The conversations during the afternoon session were led by Ronald Yu and Microsoft’s Steve Mutkoski. Good points were made all sides of the debate, and several of us agreed that a post-February beer or two might be a good idea.

I would really like to see more of these types of event in the region. The debate on the Internet sometimes consists of one side throwing a grenade over the wall at the other, then the other side throwing one back. Events like the one at UNSW give everybody a chance to spend time getting into the technical, legal and standardization questions. I know that I learned a few things on the day and I would like to think that some of the other participants did as well. It was good fun, there is always a lot to be gained from open conversation.

Open XML: TC45 Begins Addressing The More Complex Comments

12 December 2007

A number of sites are reporting that a further set of proposed dispositions have been posted to the Ecma web site for review by the national standards bodies and various technical committees.

Brian Jones, Microsoft’s representative on TC45 within Ecma, mentions on his blog that the committee has now looked at over half of the submitted comments and have constructive responses that talk about how those comments can be addressed.

With this drop of dispositions Ecma have begun to look at the subset of the more complex comments that were raised by the technical review phase of the fast track process, some of these will represent substantial changes to the specification, part of the TC45 status report on Ecma’s site details these suggestions.
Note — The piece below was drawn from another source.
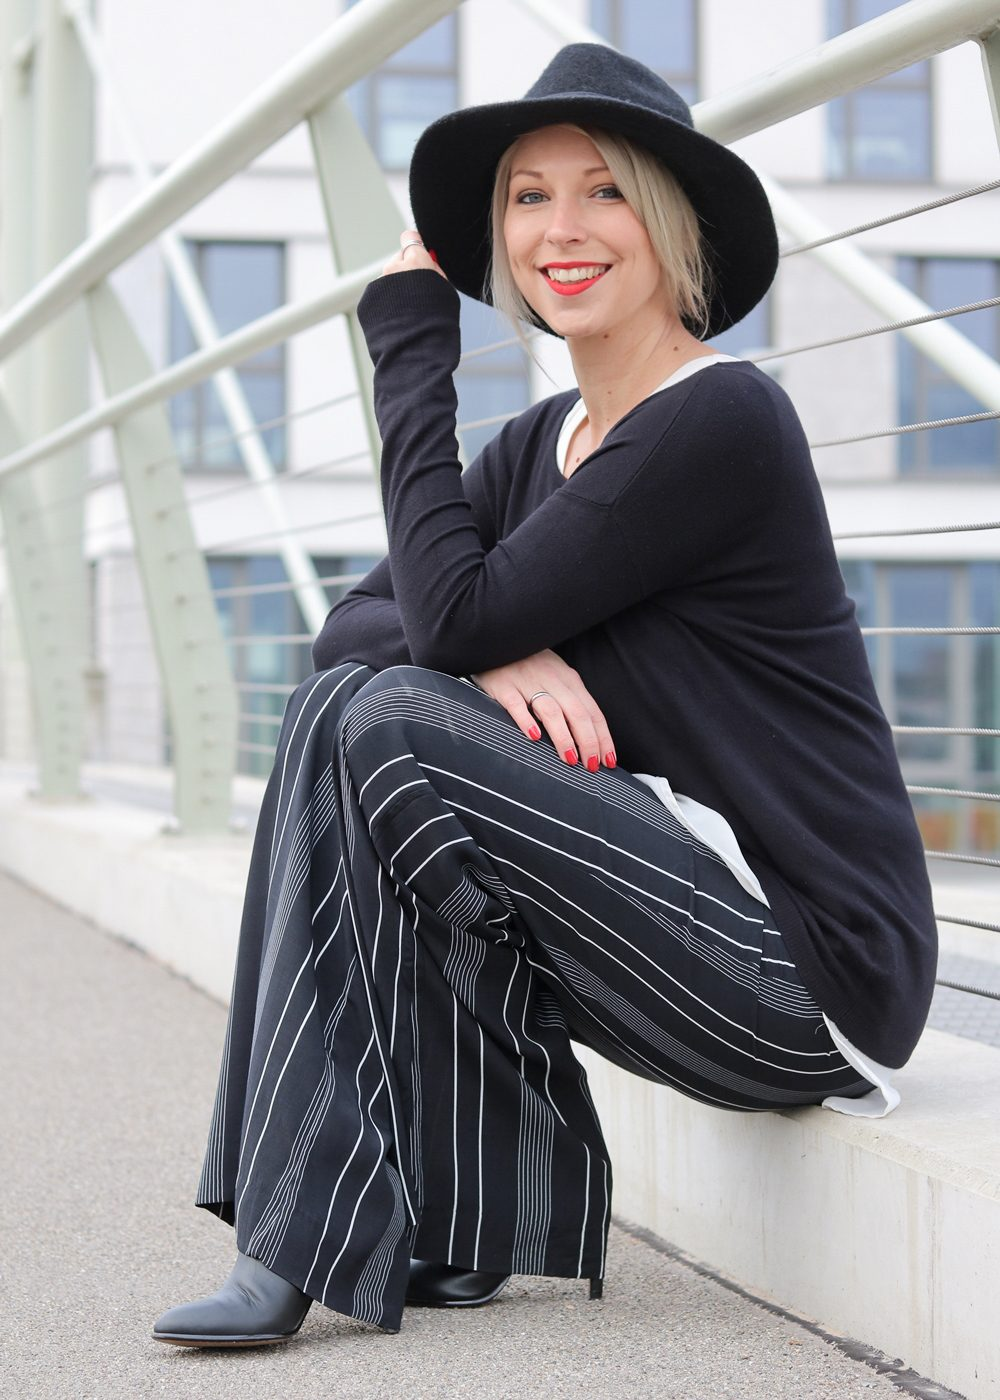 fashionblogger-outfit-palazzohose-streifen-mango-sweater-hut-12-von-17

You can find the full TC45 status report here, for ease of reading I have copied the text that talks about the specific changes that are being proposed;

Allowing for ISO-8601 Dates

ECMA-376, the original Open XML standard adopted by Ecma, assigned a unique numeric value to each date in a spreadsheet, in order to improve the speed of date calculations. Based on the comments received from some National Bodies on this issue, DIS 29500 will be updated to allow date values to be stored using the format defined by the ISO 8601 standard.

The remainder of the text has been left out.